▶ Records shown:

* * * * * * *

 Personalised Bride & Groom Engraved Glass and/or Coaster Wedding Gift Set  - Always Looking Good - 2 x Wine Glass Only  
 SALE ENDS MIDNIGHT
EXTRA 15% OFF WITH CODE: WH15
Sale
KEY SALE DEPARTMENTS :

* * * * * * *

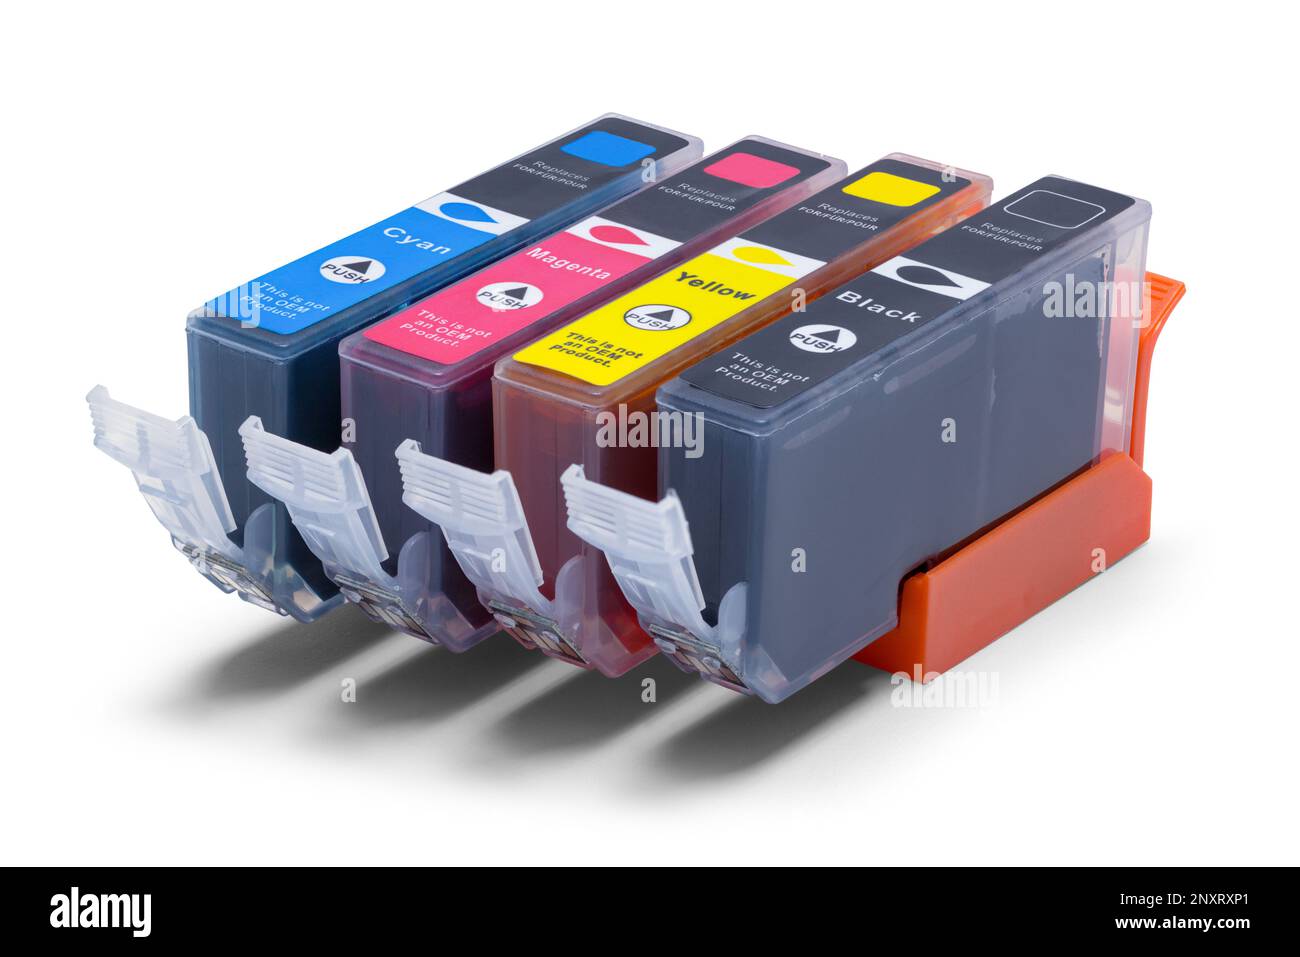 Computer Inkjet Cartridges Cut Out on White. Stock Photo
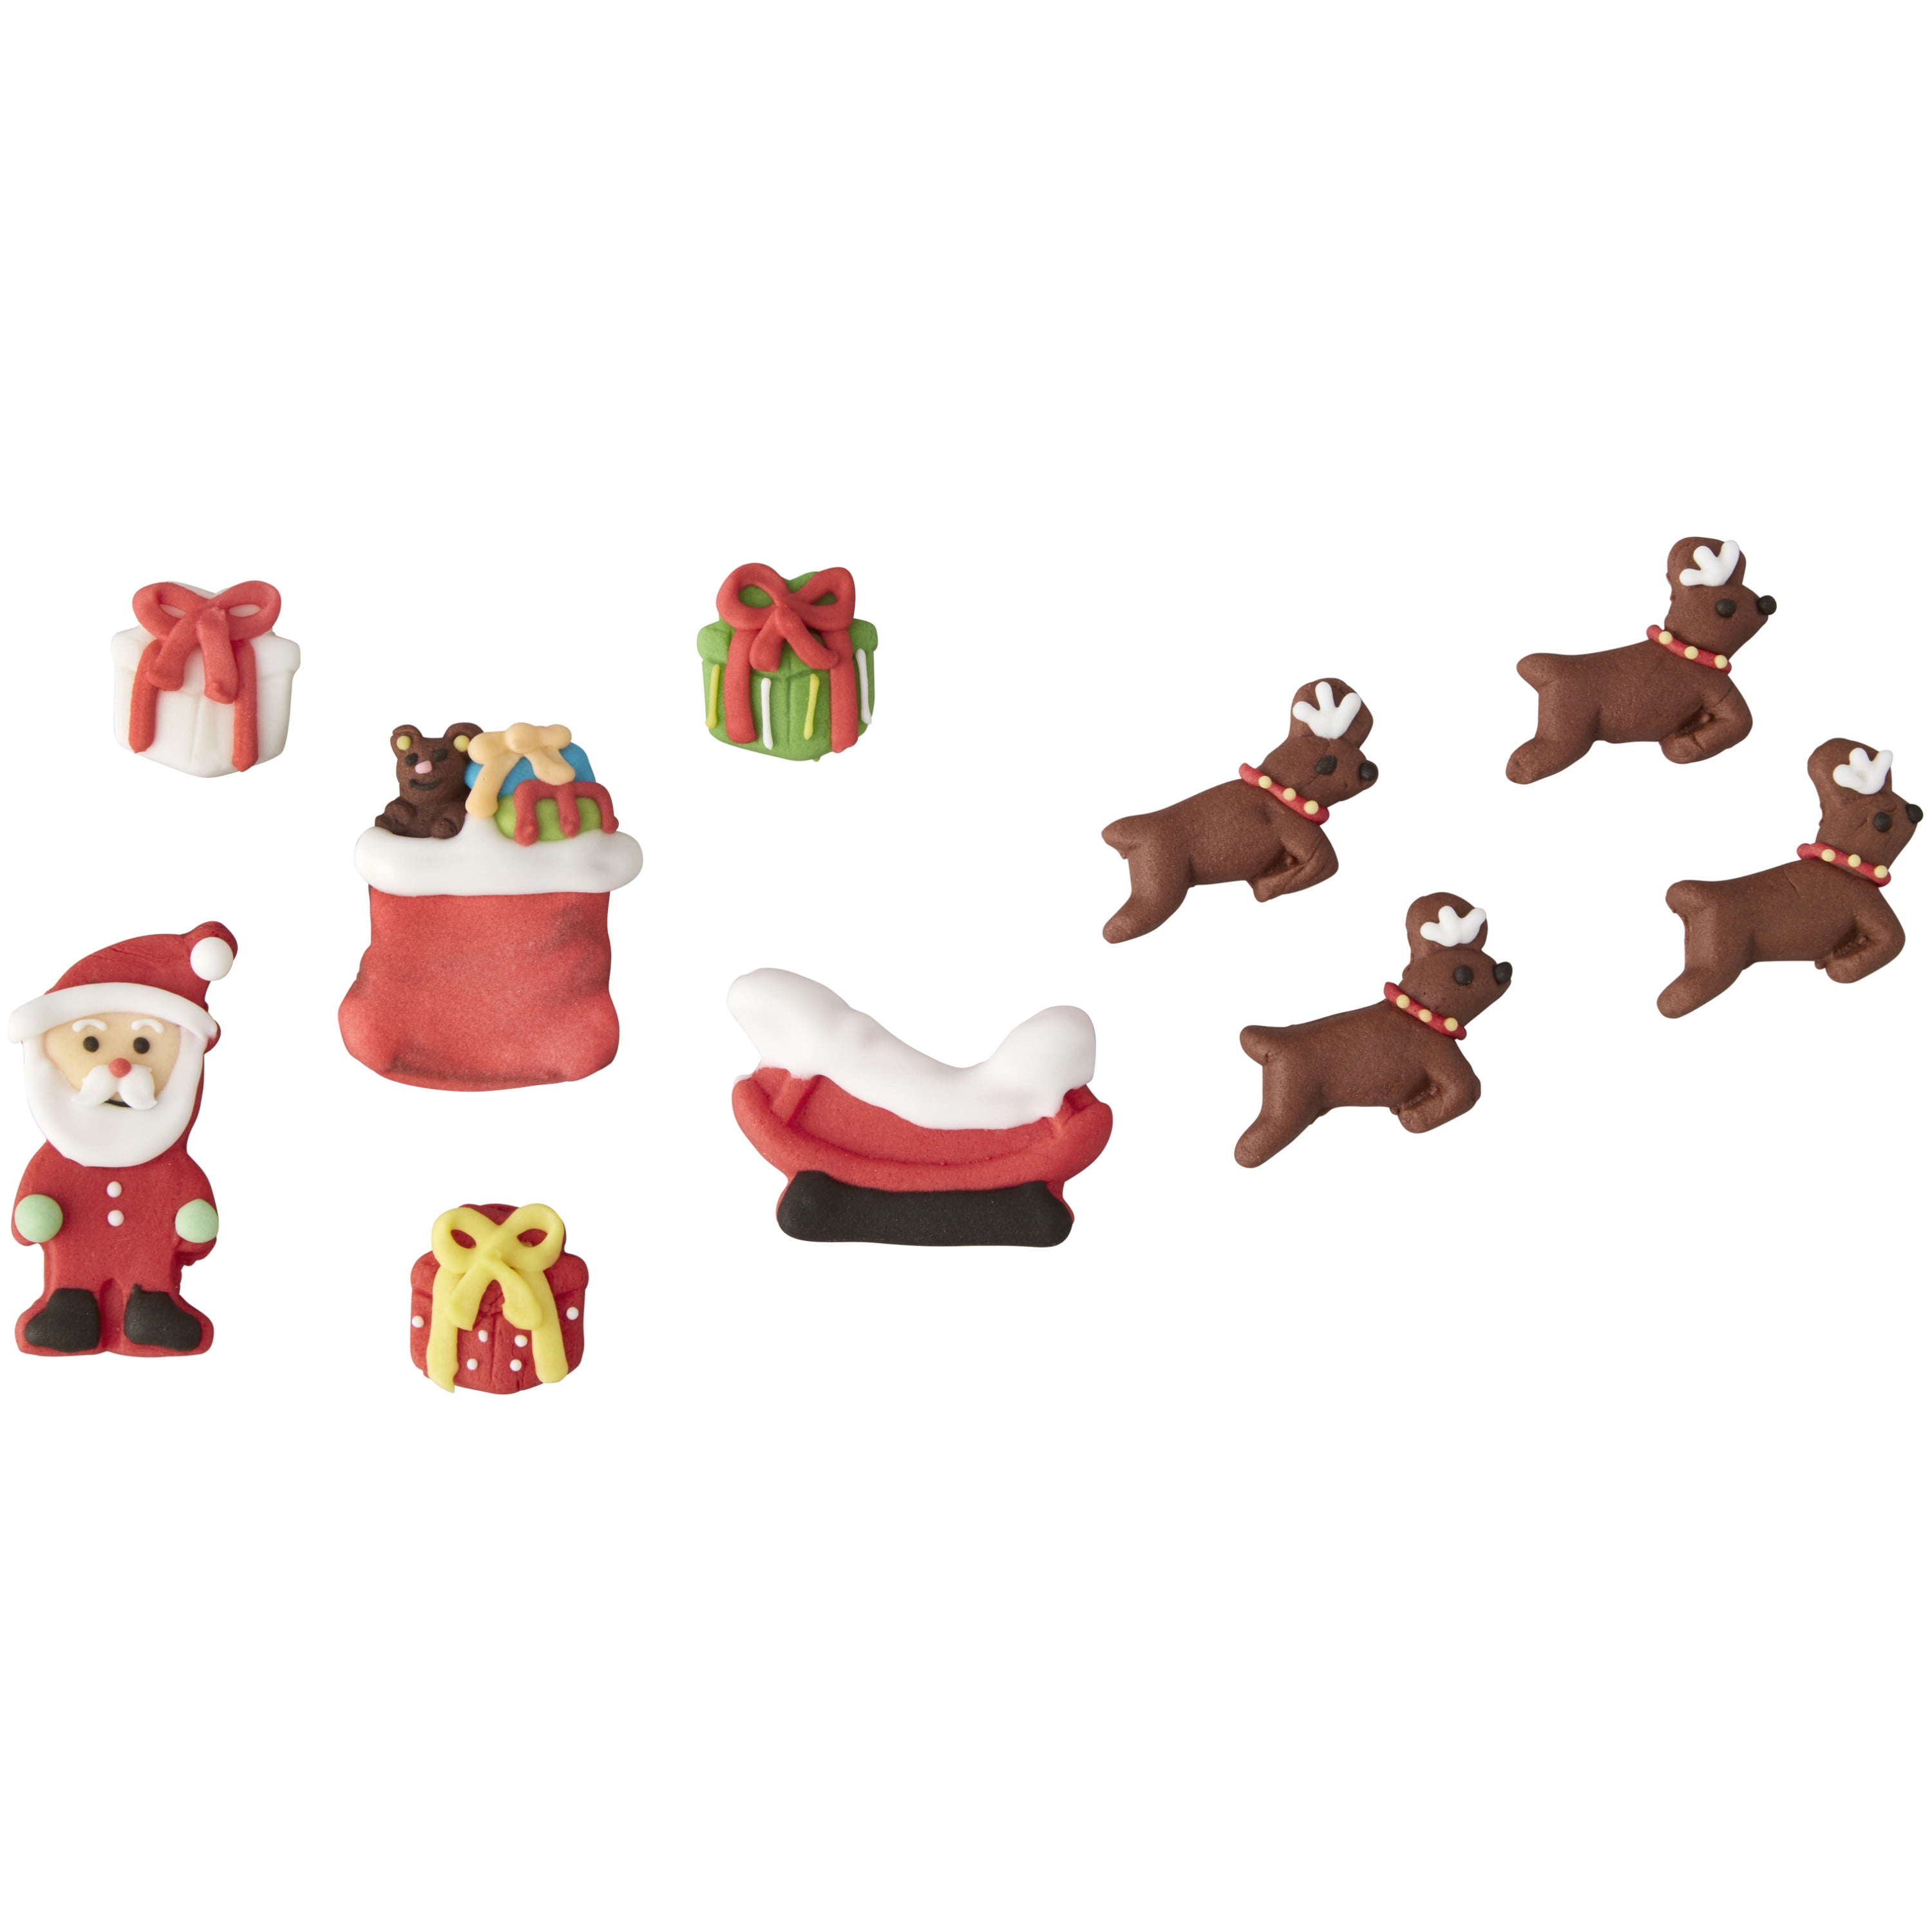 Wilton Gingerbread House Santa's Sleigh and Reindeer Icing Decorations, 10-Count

* * * * * * *

▶ Task to complete: Reproduce the lines of the entries above from the one with "Personalised Bride &" to the one with "KEY SALE DEPARTMENTS", both included, exactly and without any other line.

▶ Exercise output:
 Personalised Bride & Groom Engraved Glass and/or Coaster Wedding Gift Set  - Always Looking Good - 2 x Wine Glass Only  
 SALE ENDS MIDNIGHT
EXTRA 15% OFF WITH CODE: WH15
Sale
KEY SALE DEPARTMENTS :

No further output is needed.